Earlier this month ECHA and the European Food Safety Authority published the ‘Guidance for the identification of endocrine disruptors in the context of Regulations (EU) No 528/2012 and (EC) No 1107/2007′ (https://www.efsa.europa.eu/en/efsajournal/pub/5311) to implement the scientific criteria for the determination of endocrine-disruption properties in the context of the PPP or BPR Regulations.

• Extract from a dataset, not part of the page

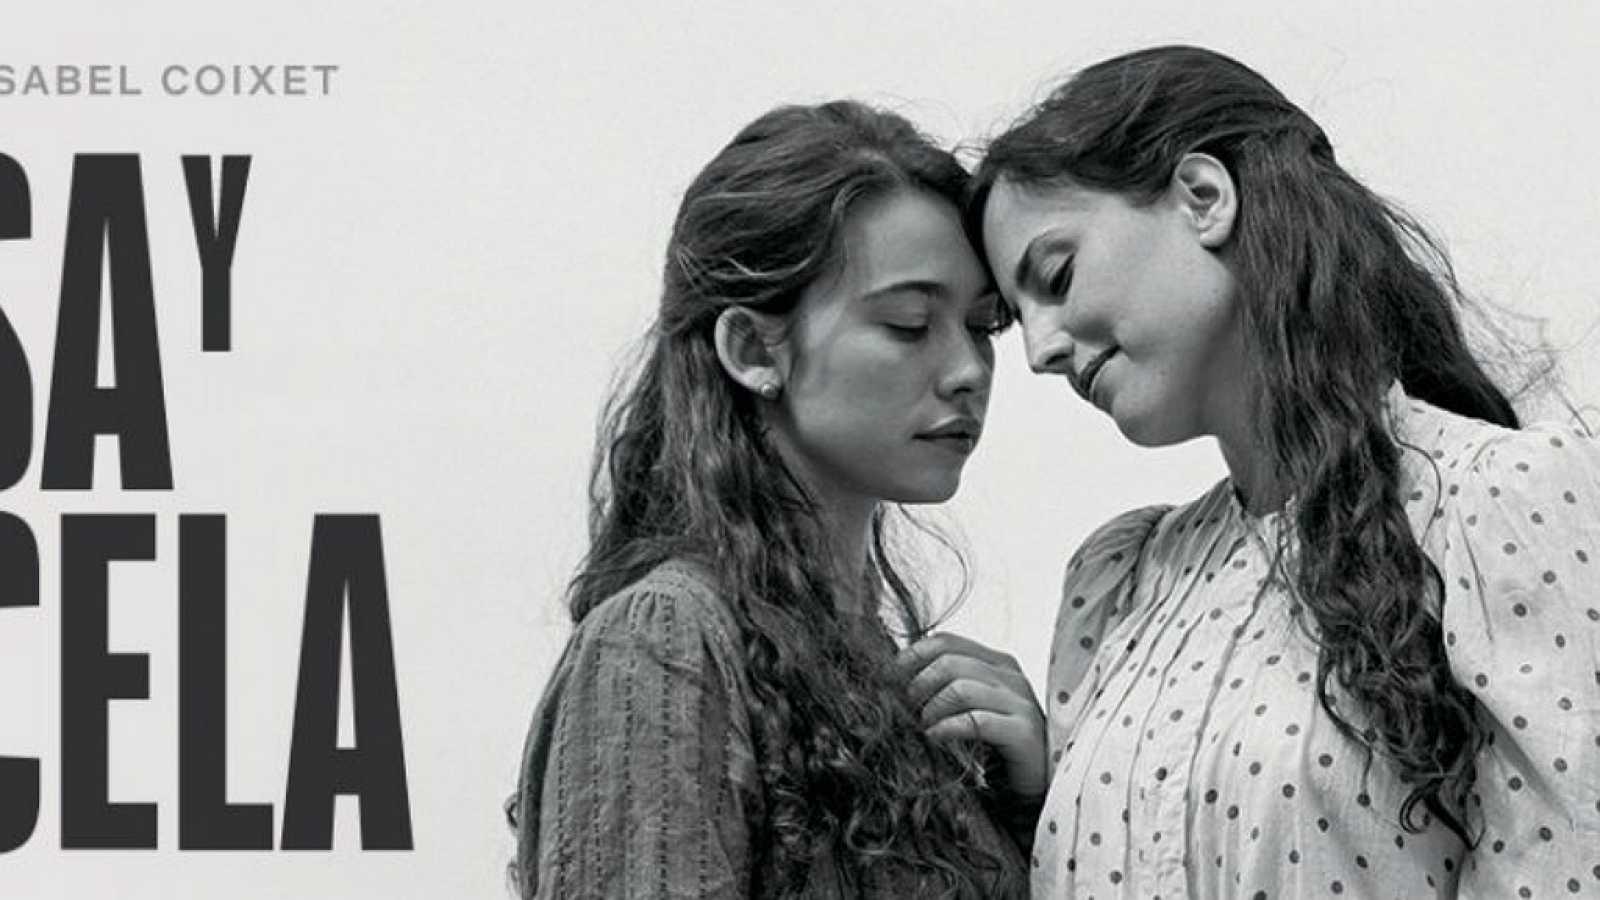 De cine - Cine iberoamericano en la Berlinale 2019 - 01/02/19 - Escuchar ahora

Regarding in vivo testing as an information source for endocrine disruptor identification, this guidance document describes not only mammalian but non-mammalian methods and the parameters measured in these relevant to identify endocrine disruption. Parameters such as growth, behaviour, sexual maturity, fecundity and reproduction parameters (fecundity, gonado-somatic index) can be sensitive to substances interfering with the sex hormone system or the thyroid hormone system. However, these parameters are not necessarily ‘EATS (estrogenic, androgenic, thyroidal and steroidogenic)–mediated’ since they can be influenced by other endocrine and non-endocrine factors such as systemic toxicity or dietary influences. In this instance, the guidance document states that they can still be used in a Weight of Evidence (WoE) approach to draw a conclusion on a specific endocrine pathway, but according to the guidance document, parameters measured in non-mammalian in vivo test methods relevant to support the identification of potential endocrine disruptors are vitellogenin and spiggin levels, secondary sex characteristics, sex ratio, gonadosomatic index, gonad histopathology and thyroid histopathology.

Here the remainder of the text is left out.